• _TASK REQUIREMENTS_
All pictures are to be dropped, and everything else in the data duplicated exactly.

• _RECORDED DATA_
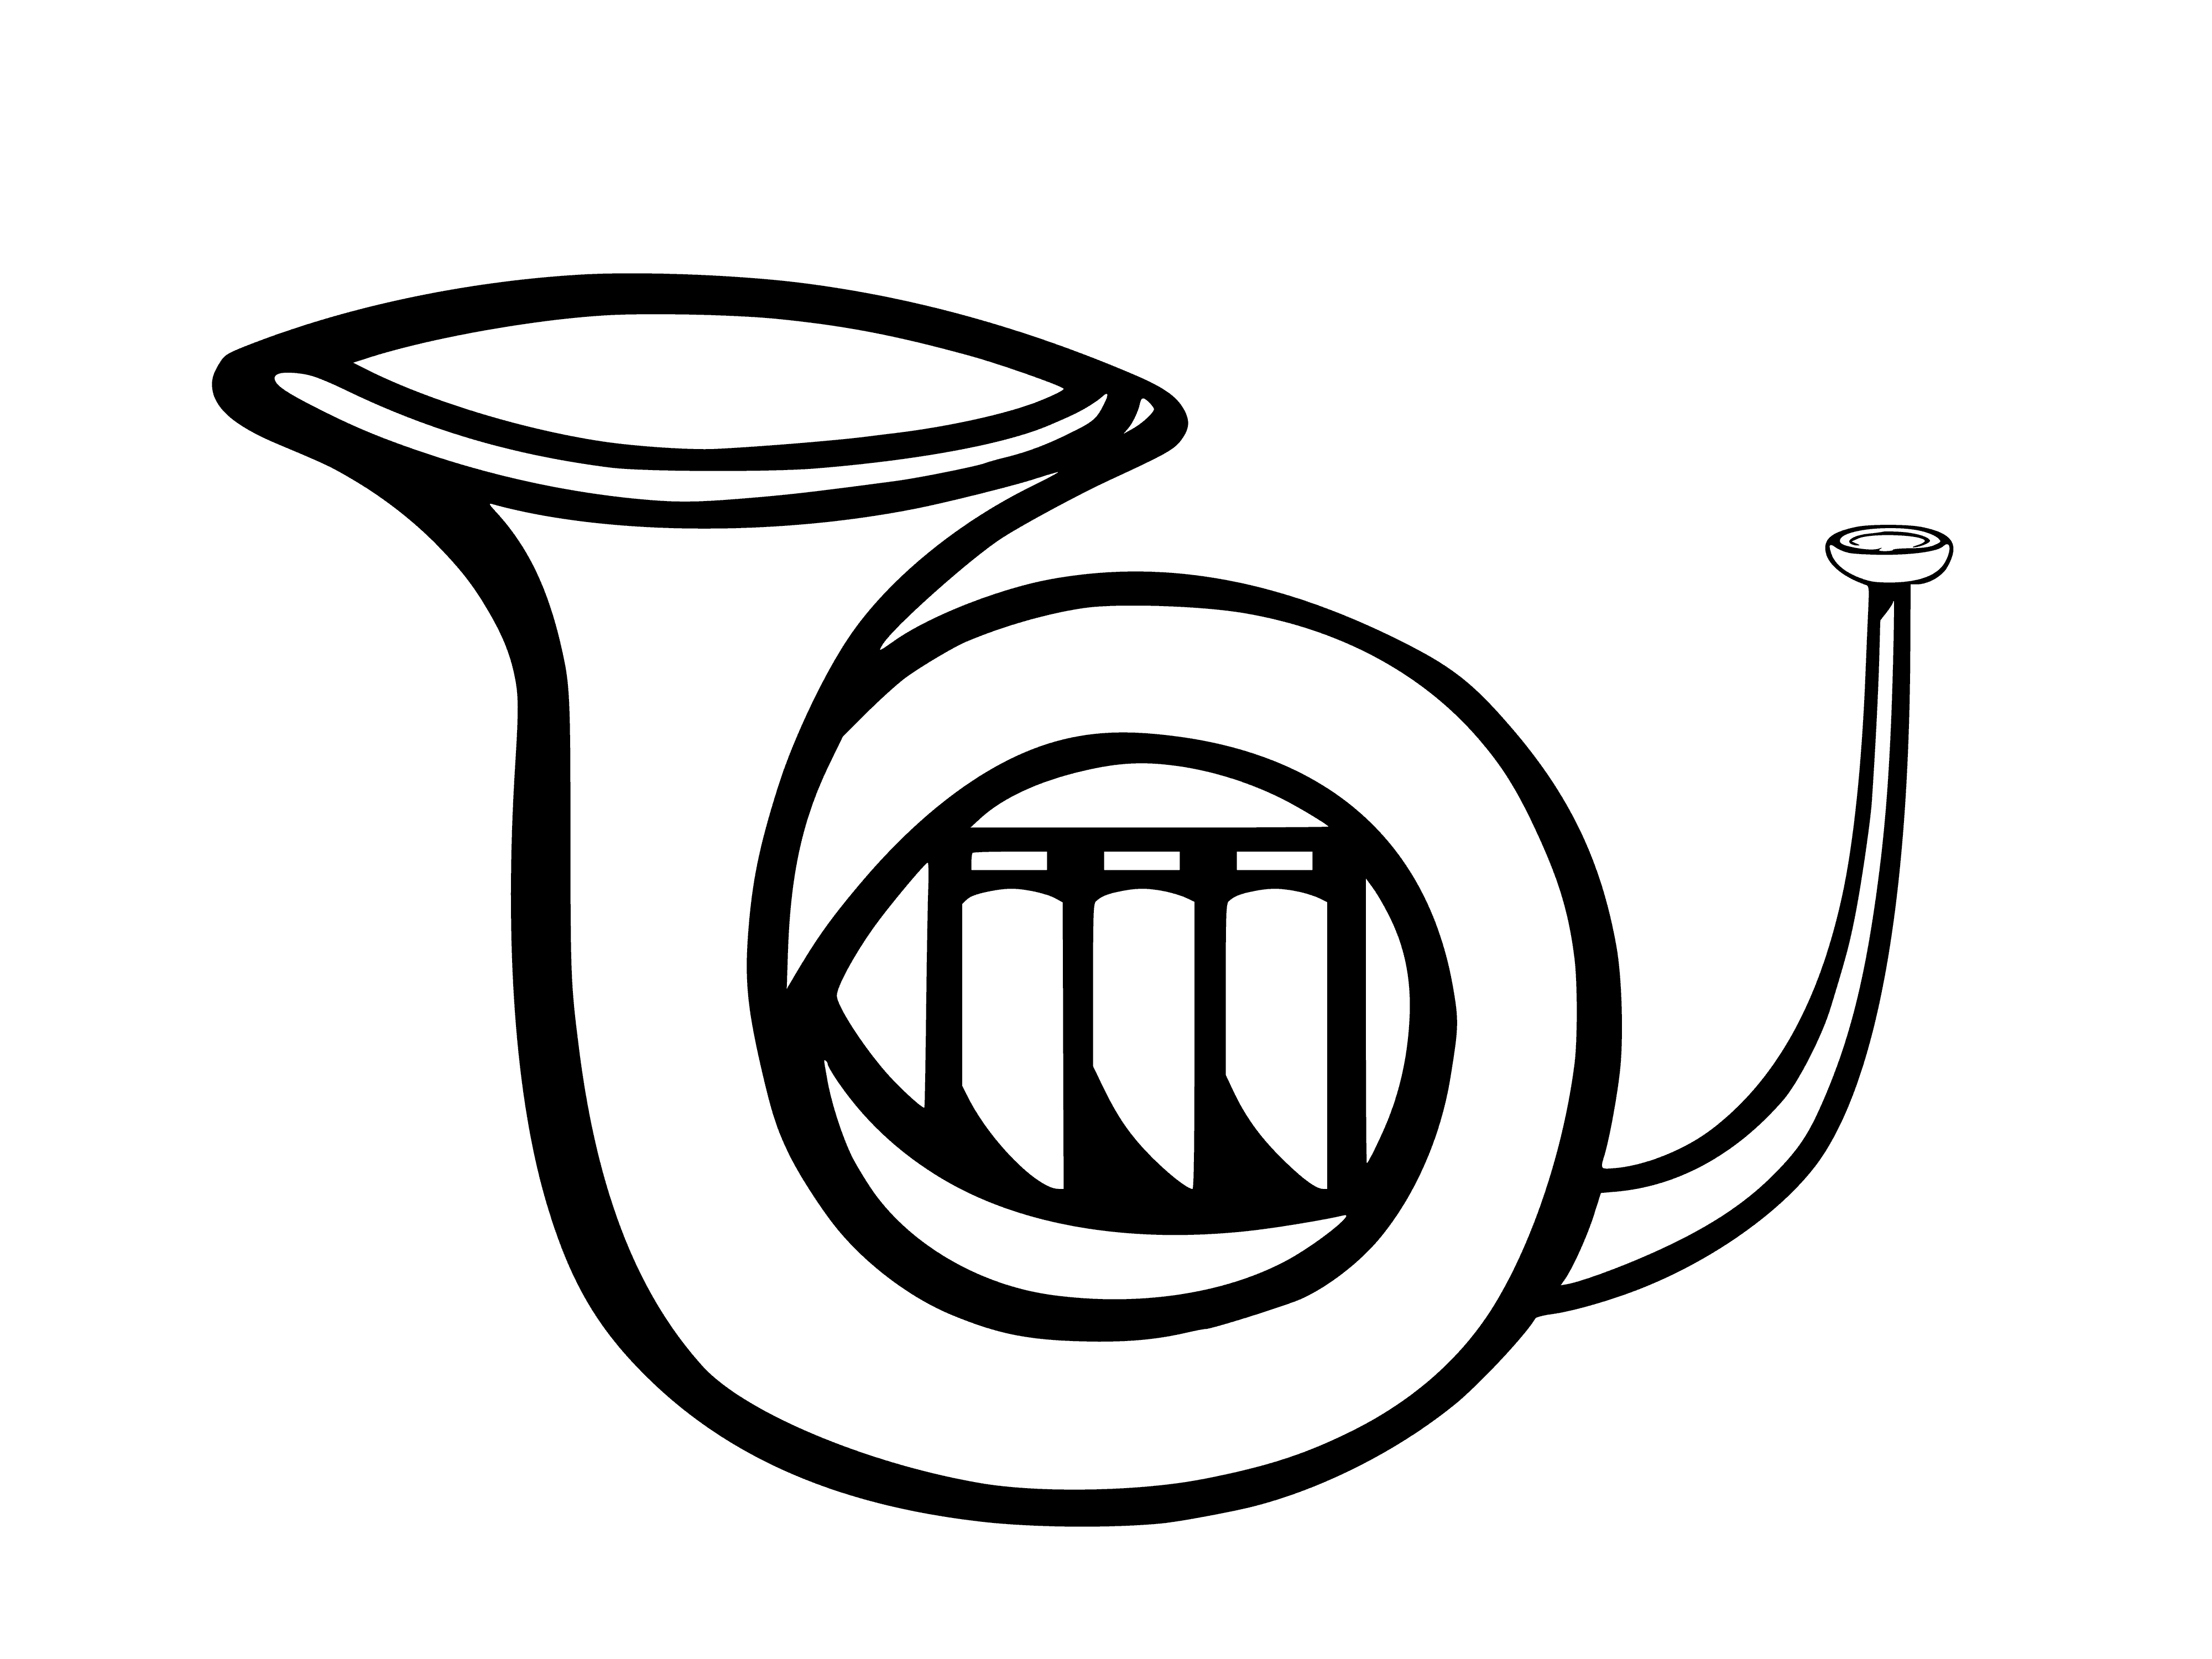 coloring page: French horn on black stand has long spiral, large brass bell, mouthpiece; held up by metal rod through center.
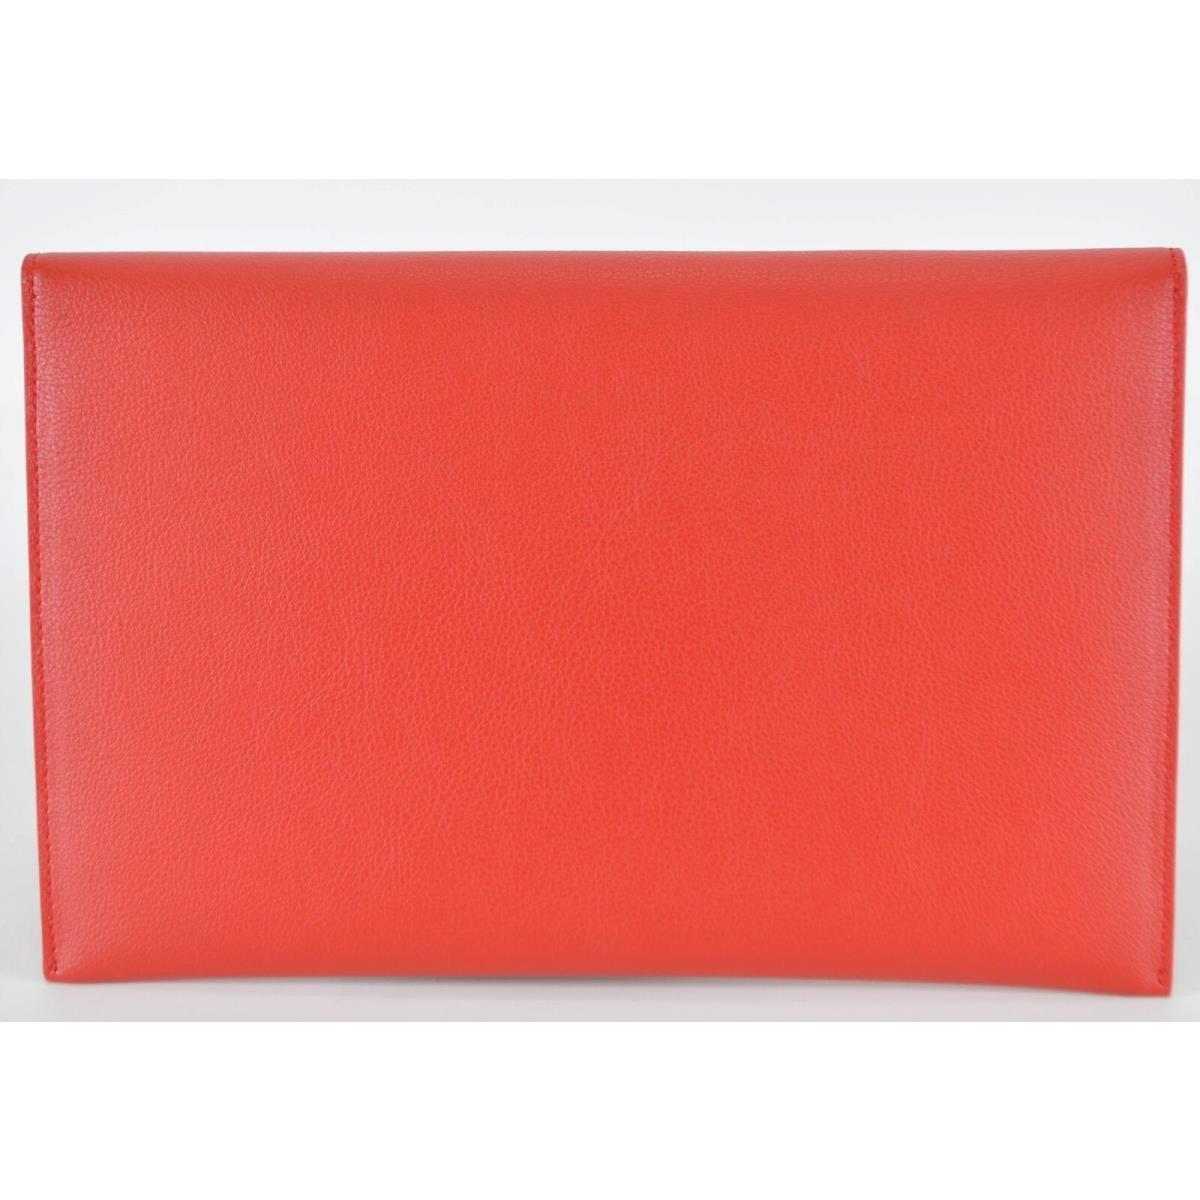 Alexander Mcqueen Soft Red Leather Skull Clasp Envelope Clutch Purse
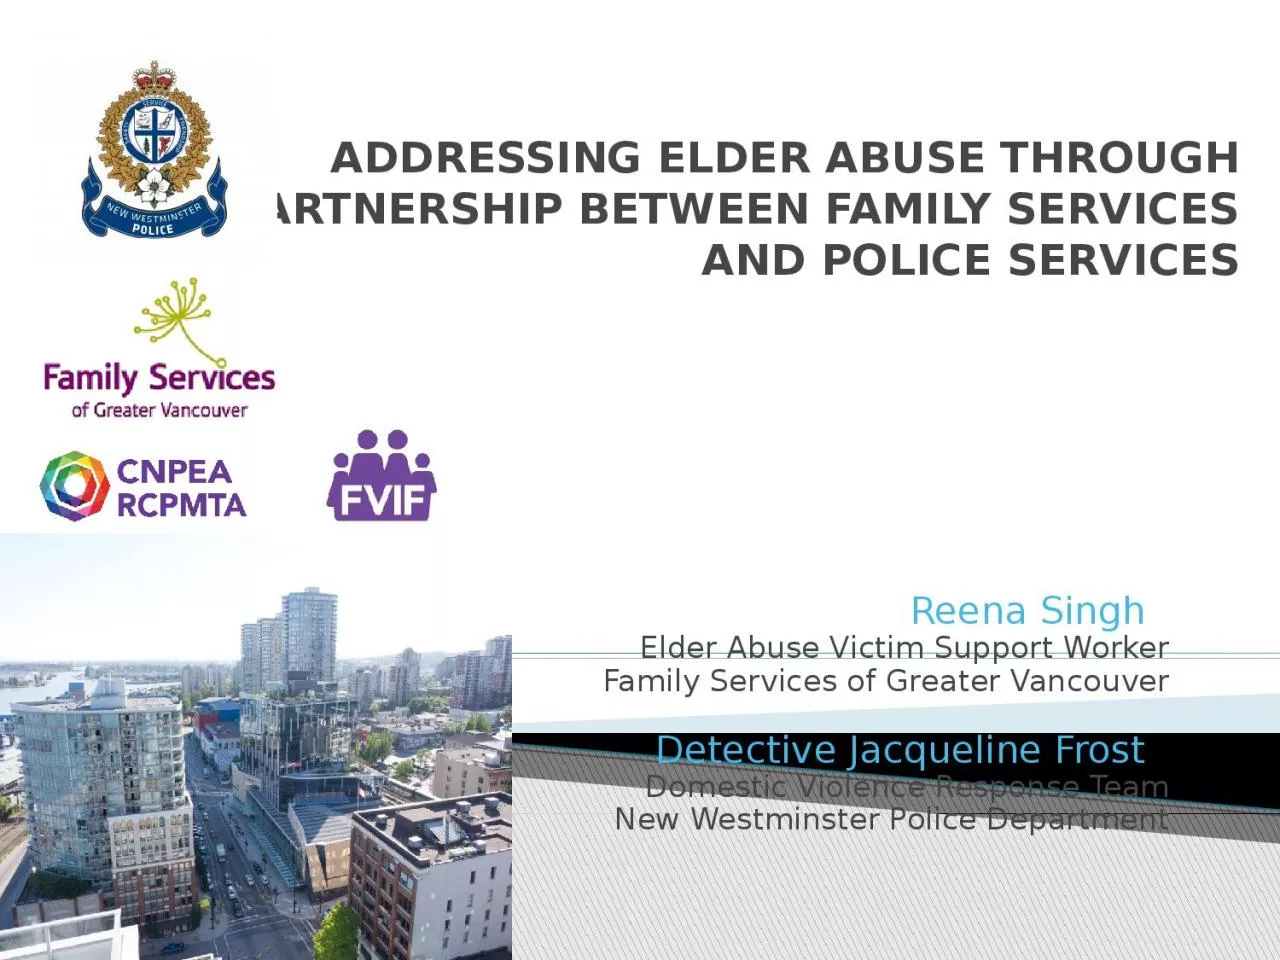 Addressing Elder Abuse through partnership between Family Services and Police Services

• _EXPECTED OUTPUT_
 coloring page: French horn on black stand has long spiral, large brass bell, mouthpiece; held up by metal rod through center.
 Alexander Mcqueen Soft Red Leather Skull Clasp Envelope Clutch Purse
 Addressing Elder Abuse through partnership between Family Services and Police Services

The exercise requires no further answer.